- _DATASET CONTENT_:

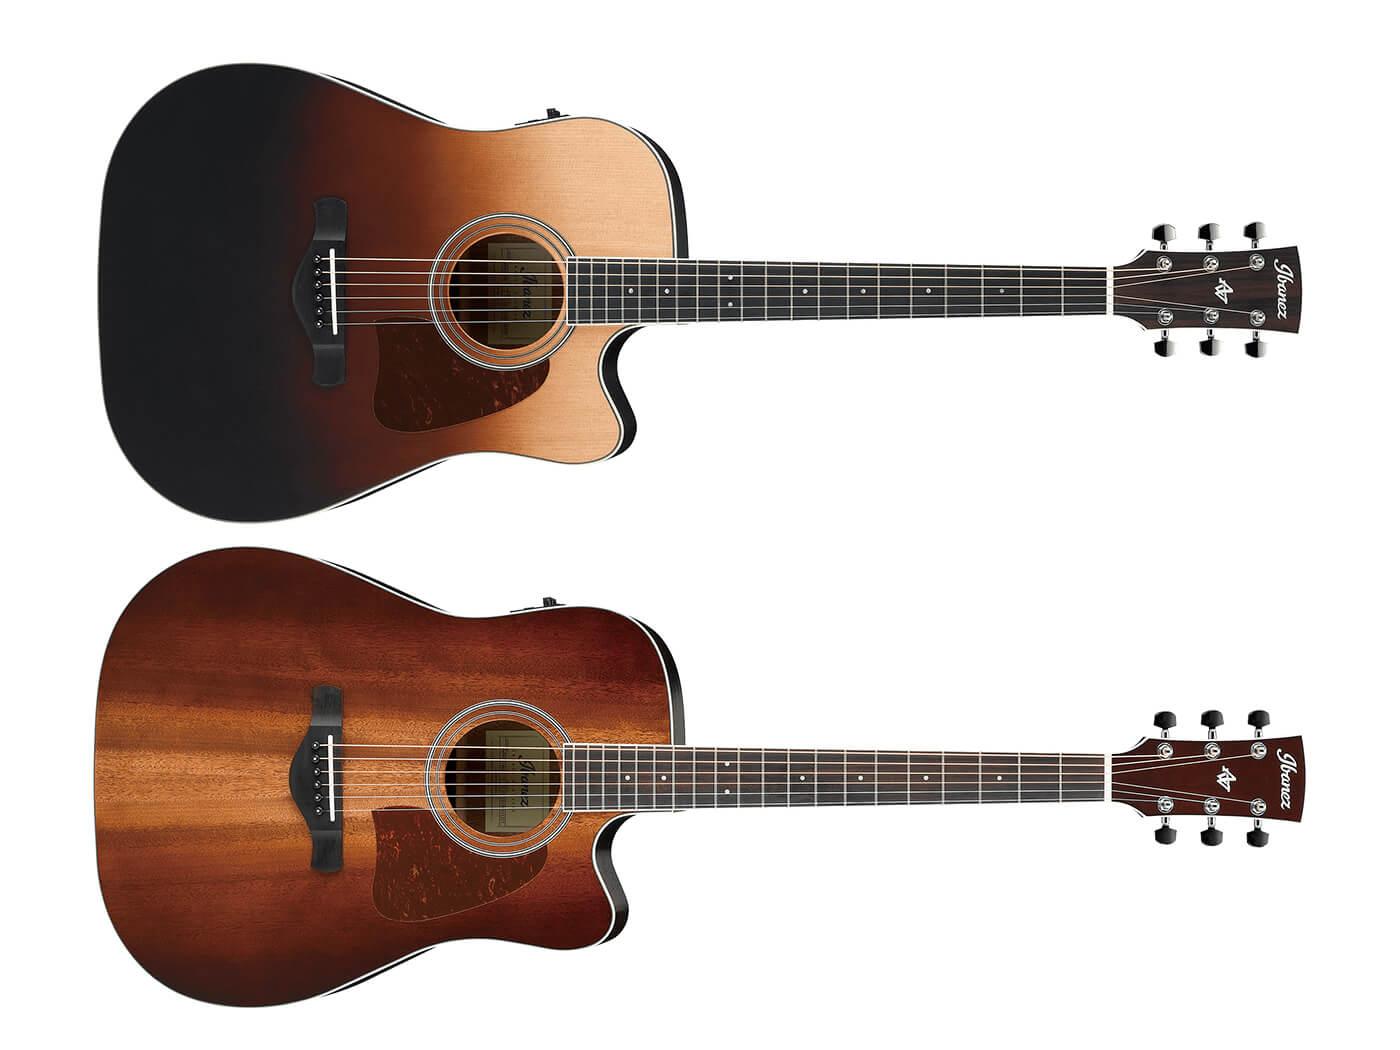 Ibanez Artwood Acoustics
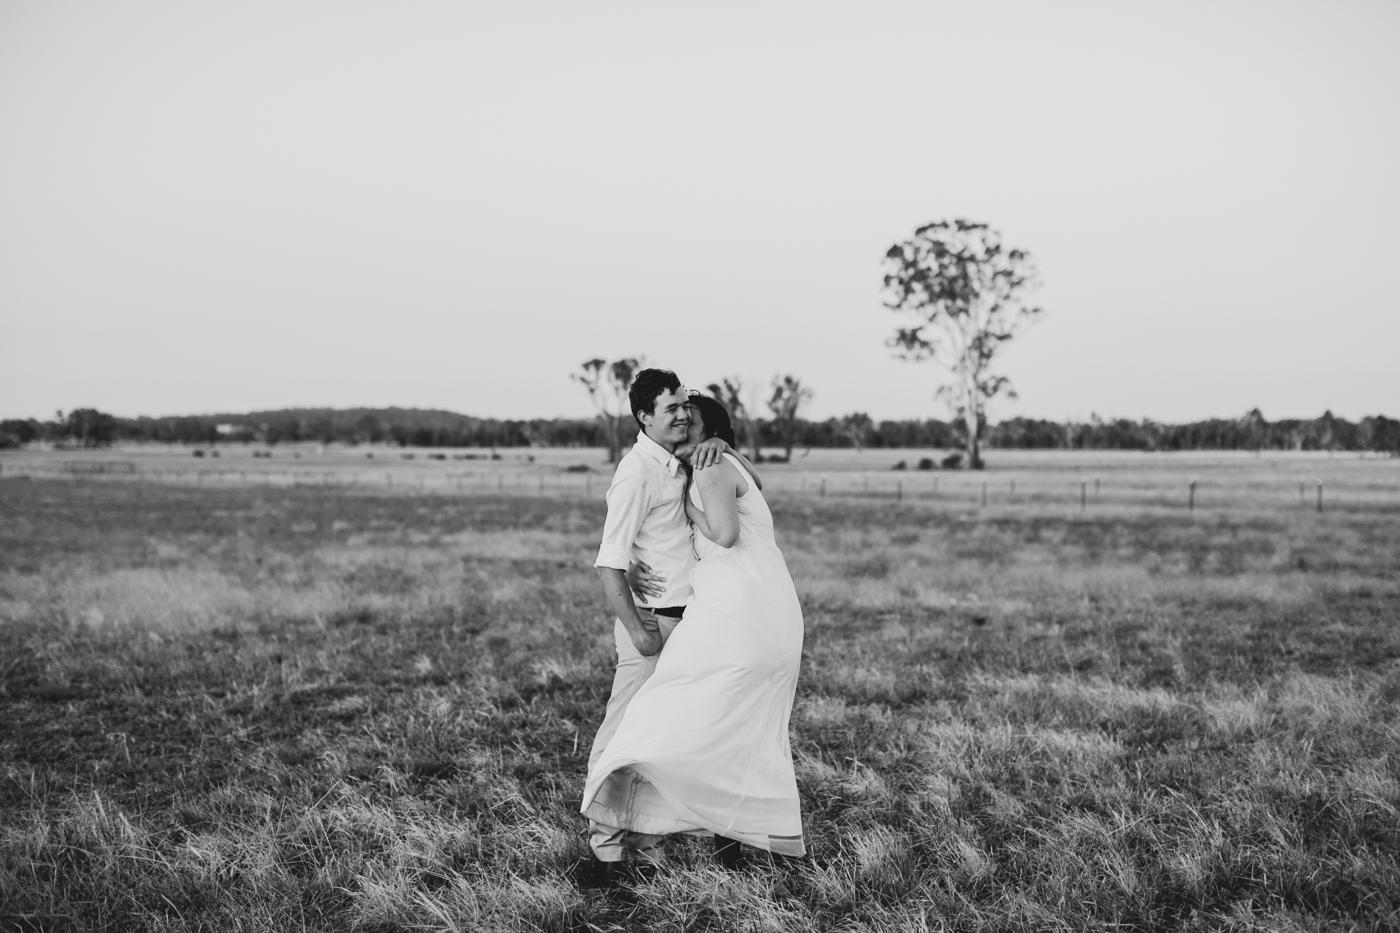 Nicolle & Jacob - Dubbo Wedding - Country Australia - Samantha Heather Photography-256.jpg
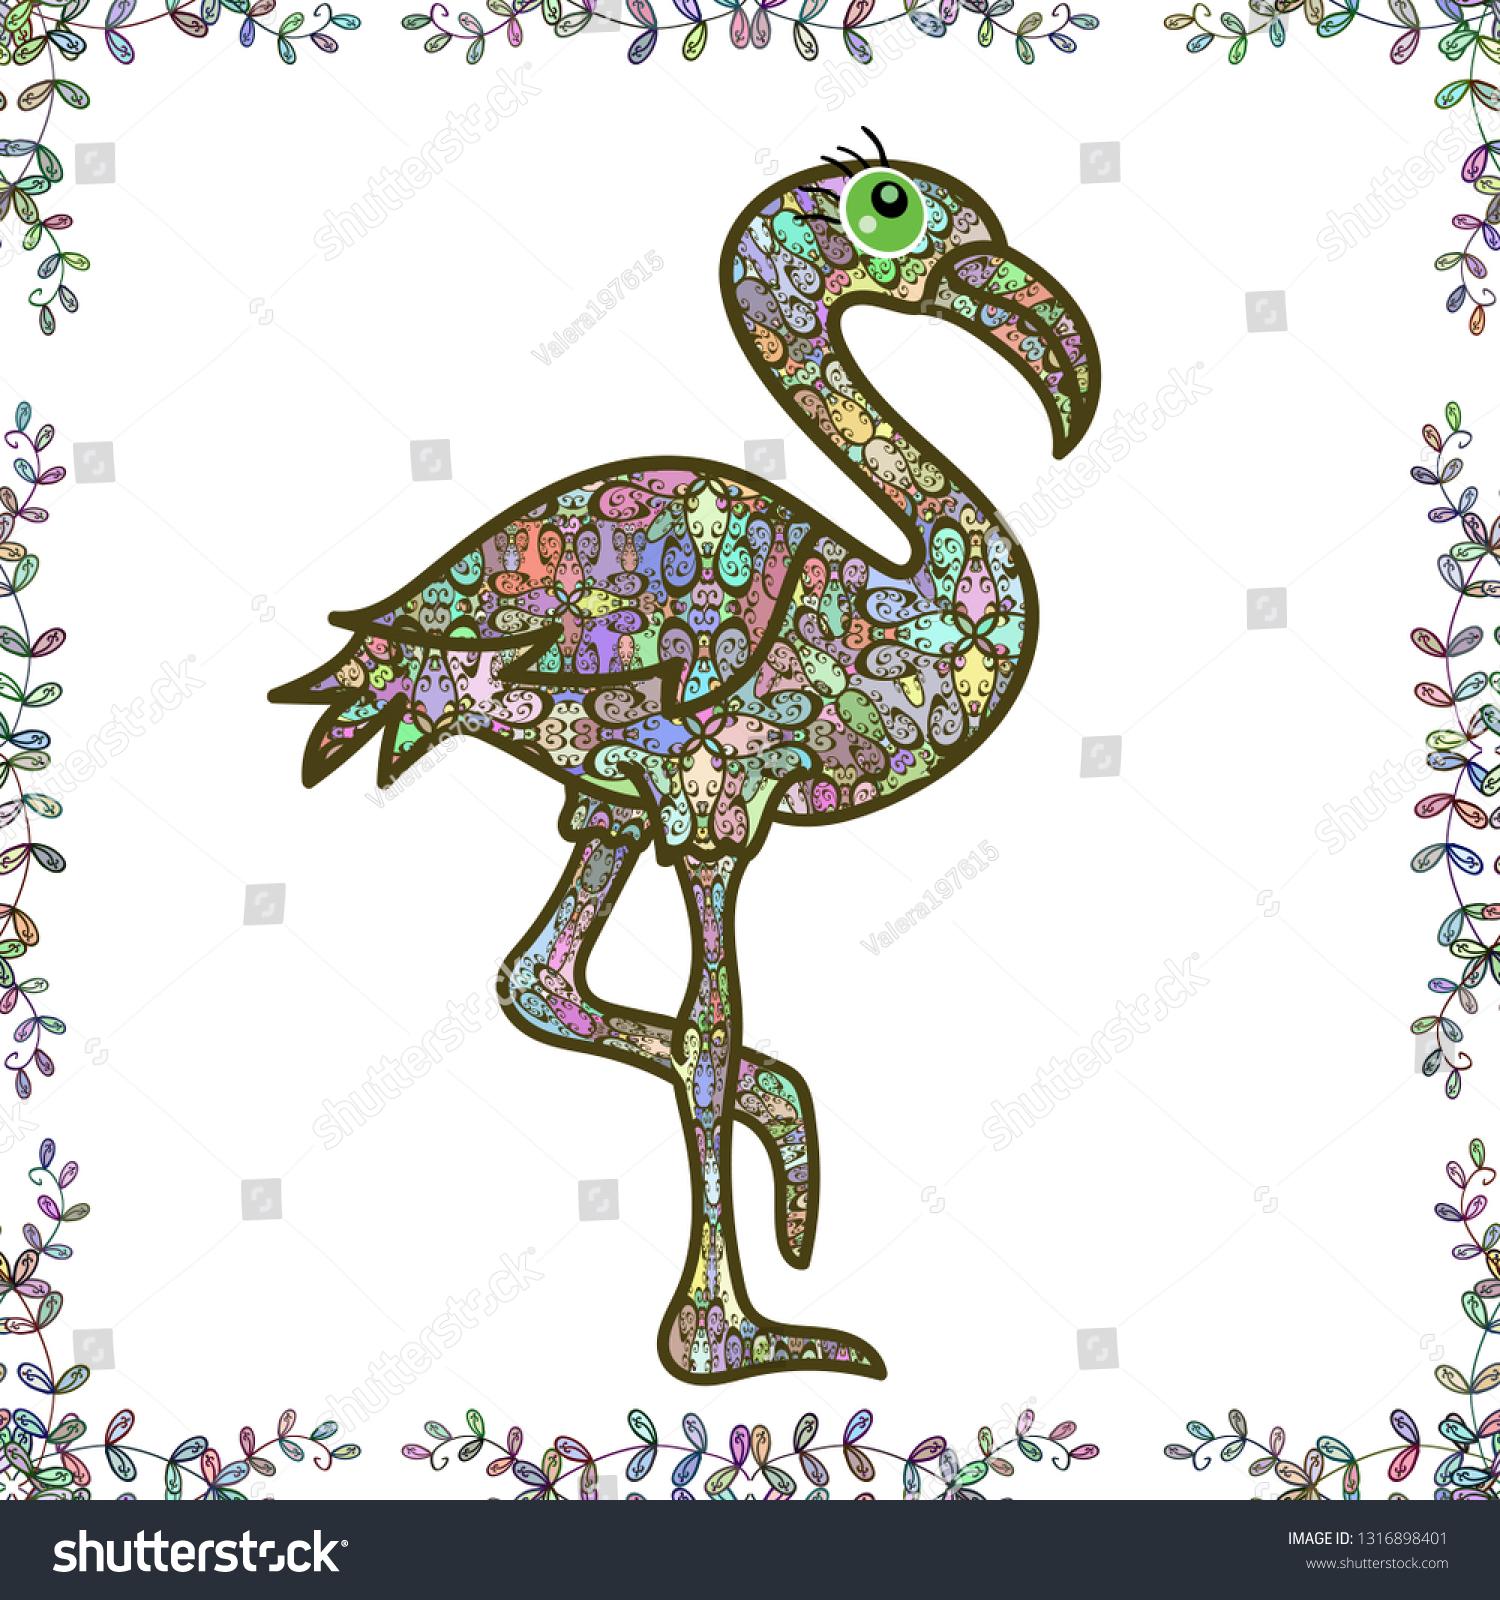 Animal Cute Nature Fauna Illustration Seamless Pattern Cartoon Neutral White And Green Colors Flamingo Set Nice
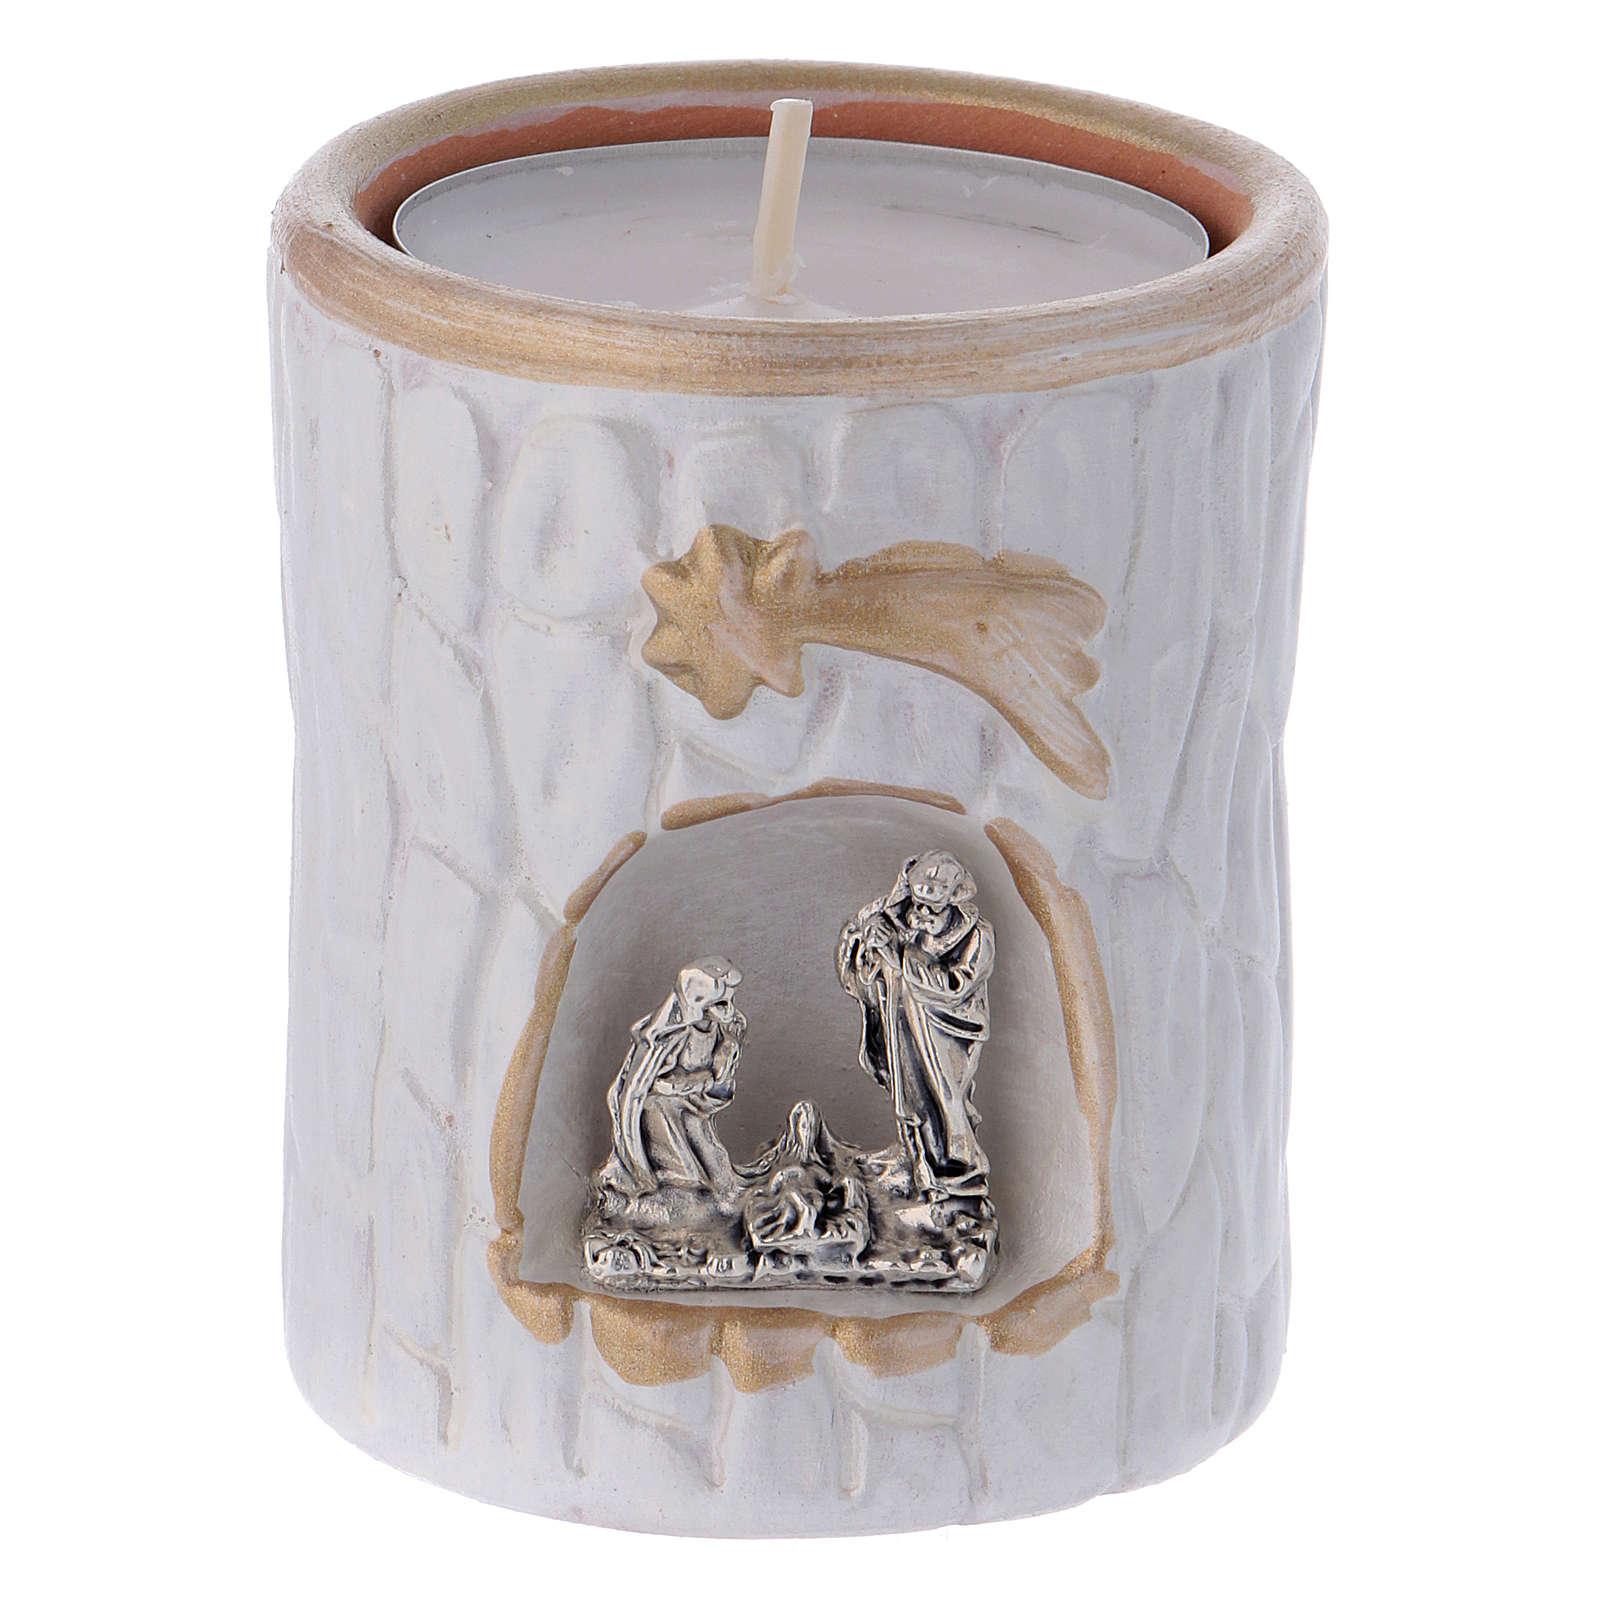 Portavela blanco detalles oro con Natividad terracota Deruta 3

- _WHAT YOU WILL DO_:
A verbatim copy of the material, pictures excluded, is what must be produced.

- _SOLUTION TO THIS PROBLEM_:
 Ibanez Artwood Acoustics
 Nicolle & Jacob - Dubbo Wedding - Country Australia - Samantha Heather Photography-256.jpg
 Animal Cute Nature Fauna Illustration Seamless Pattern Cartoon Neutral White And Green Colors Flamingo Set Nice
 Portavela blanco detalles oro con Natividad terracota Deruta 3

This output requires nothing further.